11 A method as claimed in any preceding claim, wherein the amount of phosphate mixed with the binder is 0.01-25% wt phosphate, based on the total weight of the refractory grogg.
12 A method as claimed in any preceding claim, wherein the amount of phosphate mixed with the binder is 0. 01-5% wt phosphate, based on the total weight of the refractory grogg.
13 A method as claimed in any preceding claim, wherein said phosphate comprises a phosphate having a pH in the range 10.1-10.6.
14 A method as claimed in claim 13, wherein said phosphate comprises tetrapotassium pyrophosphate.
15 A method as claimed in any preceding claim, wherein said phosphate is added to the sol before mixing with the grog.
16 A method as claimed in any of claims 1-14, wherein said phosphate is added in powder form to the refractory material, prior to mixing with the sol.
17 A method as claimed in any preceding claim, wherein said phosphate comprises 0. 25%-3% wt monosodium phosphate and/or monopotassium phosphate, based on the weight of aggregate.

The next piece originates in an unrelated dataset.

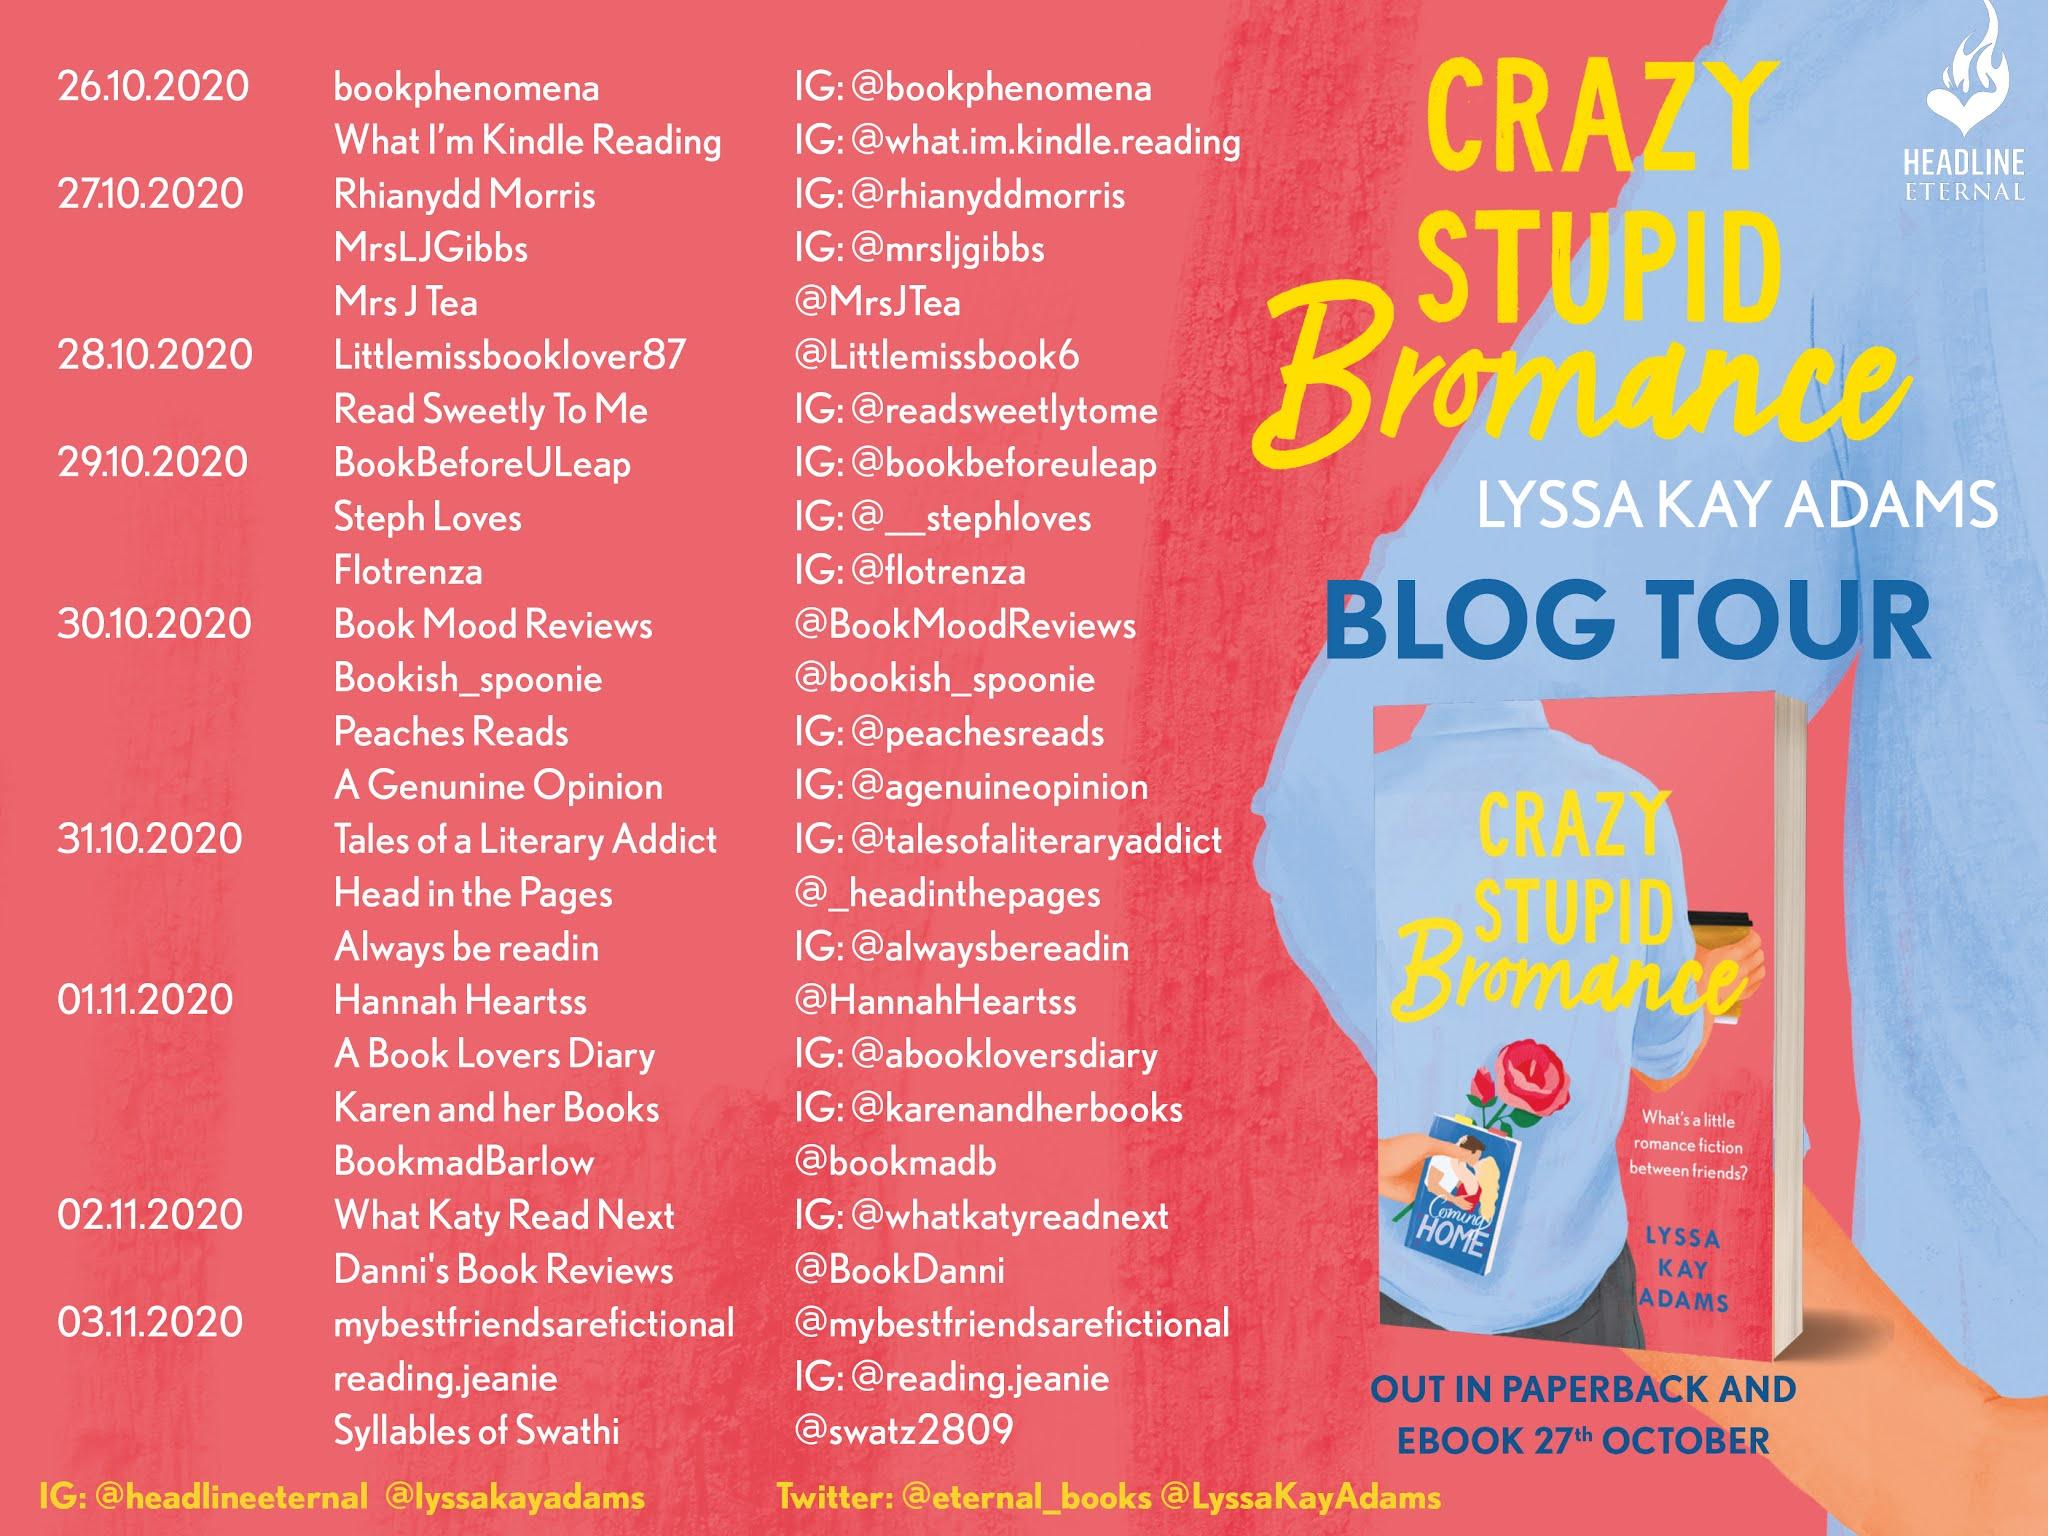 Crazy Stupid Bromance - Lyssa Kay Adams Book Extract | Blog Tour

18 A method as claimed in any preceding claim, wherein said silica sol binder having a pH in the range 10.1-10.6 is provided by adding to a silica sol, having a pH lower than 10. 1, a basic reagant selected from ammonium hydroxide, potassium hydroxide, sodium hydroxide, sodium silicate, sodium aluminate and potassium silicate.
19 A method for making a refractory object, comprising the steps of binding a refractory aggregate into a green shape in accordance with the method of any of claims 1-18, and drying or firing said green shape to form a hardened refractory object.
20 A method as claimed in claim 19, wherein said aggregate is selected from one or more of zircon, zirconia mullite, alumina, alumina silicates, spinel, silicon carbide and silica
21 A refractory object produced in accordance with the method of claim 19 or claim 20.
22 A method of making a cast refractory substantially as hereinbefore described in the Examples.